Tracks, on the other hand, are not ideal when there is a very low number of measurements per waveform. Shown in Figure 6, a Track and Trend are applied simultaneously to a single pulse. Because the Trend retains the history of pulses measured during previous acquisitions, it is optimal for this type of application. By contrast, the Track operator is synchronized to the same time scale as the acquired pulse and displays a flat line corresponding to the single pulse width which is overwritten with each subsequent acquisition.
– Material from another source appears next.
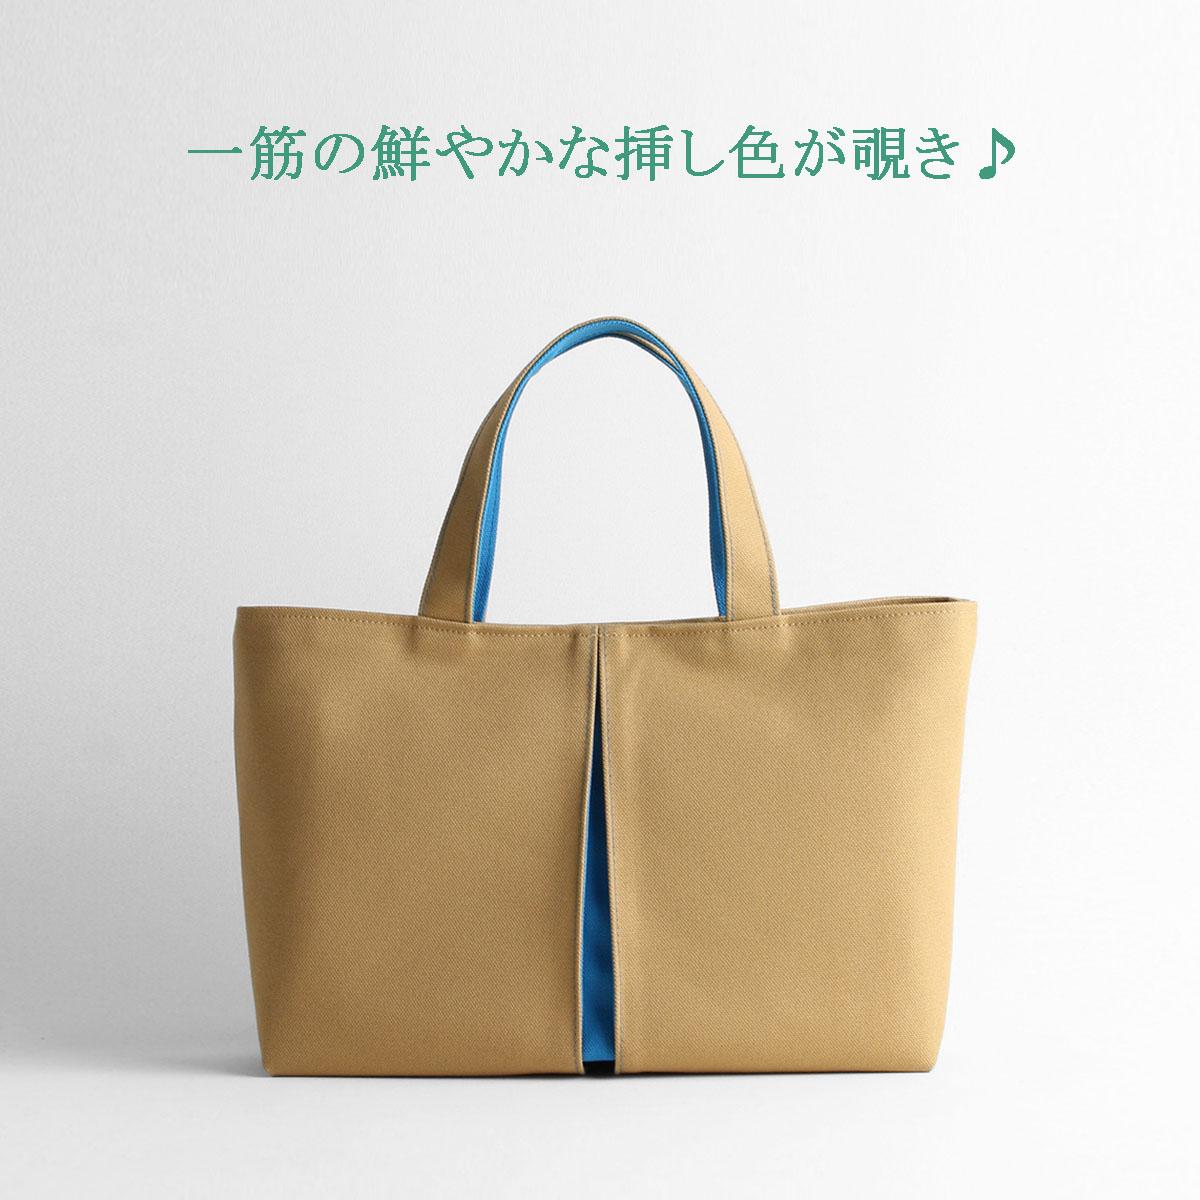 KOSHO ougi pleats 帆布 トートバッグ YM
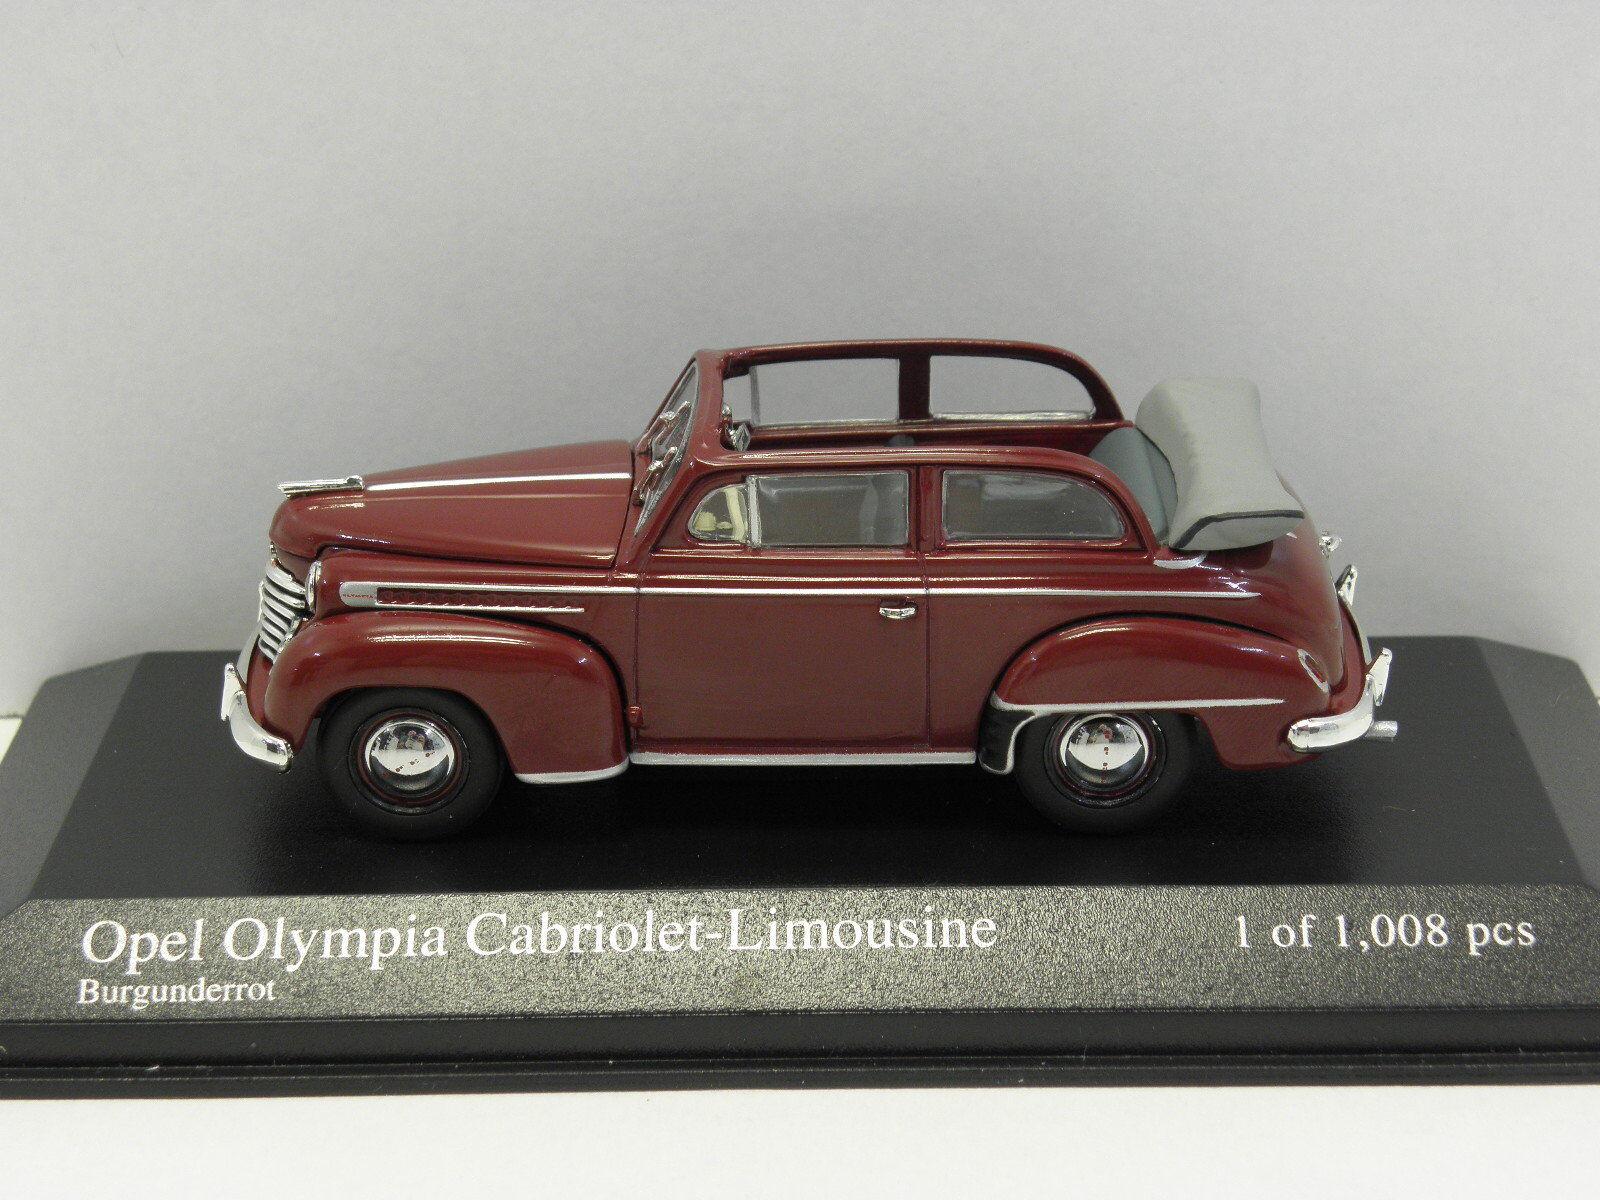 Minichamps 430040432 sammelmodell Opel Olympia Capriolet 1951 échelle 1 43

Note that this discussion focused only on the Track and Trend of the Pulse Width measurement in order to bring focus to the contrasts between the two math operators, but Tracks and Trends can graph hundreds of other types of input measurement values including Rise Time, Fall Time, Duty Cycle, Skew, Slew Rate, Setup and Hold, custom scripted values, etc., which allows an engineer to characterize a nearly limitless set of varying circuit behavior.
Conclusion
In summary, both Track and Trend operators provide graphs of measurement results and identify anomalies. Track operators incorporate the same horizontal scale as the source waveform measured, allowing the ability to demodulate a waveform and to pinpoint the exact locations of an anomaly, which is extremely valuable for correlation and cause-and-effect analysis. Trend operators by contrast are not synchronized to the input waveform, allowing the advantages of a reduced record size and the ability to retain the history of measurements that span across multiple acquisitions. Depending on the application needs, either of these two operators can be the optimal choice.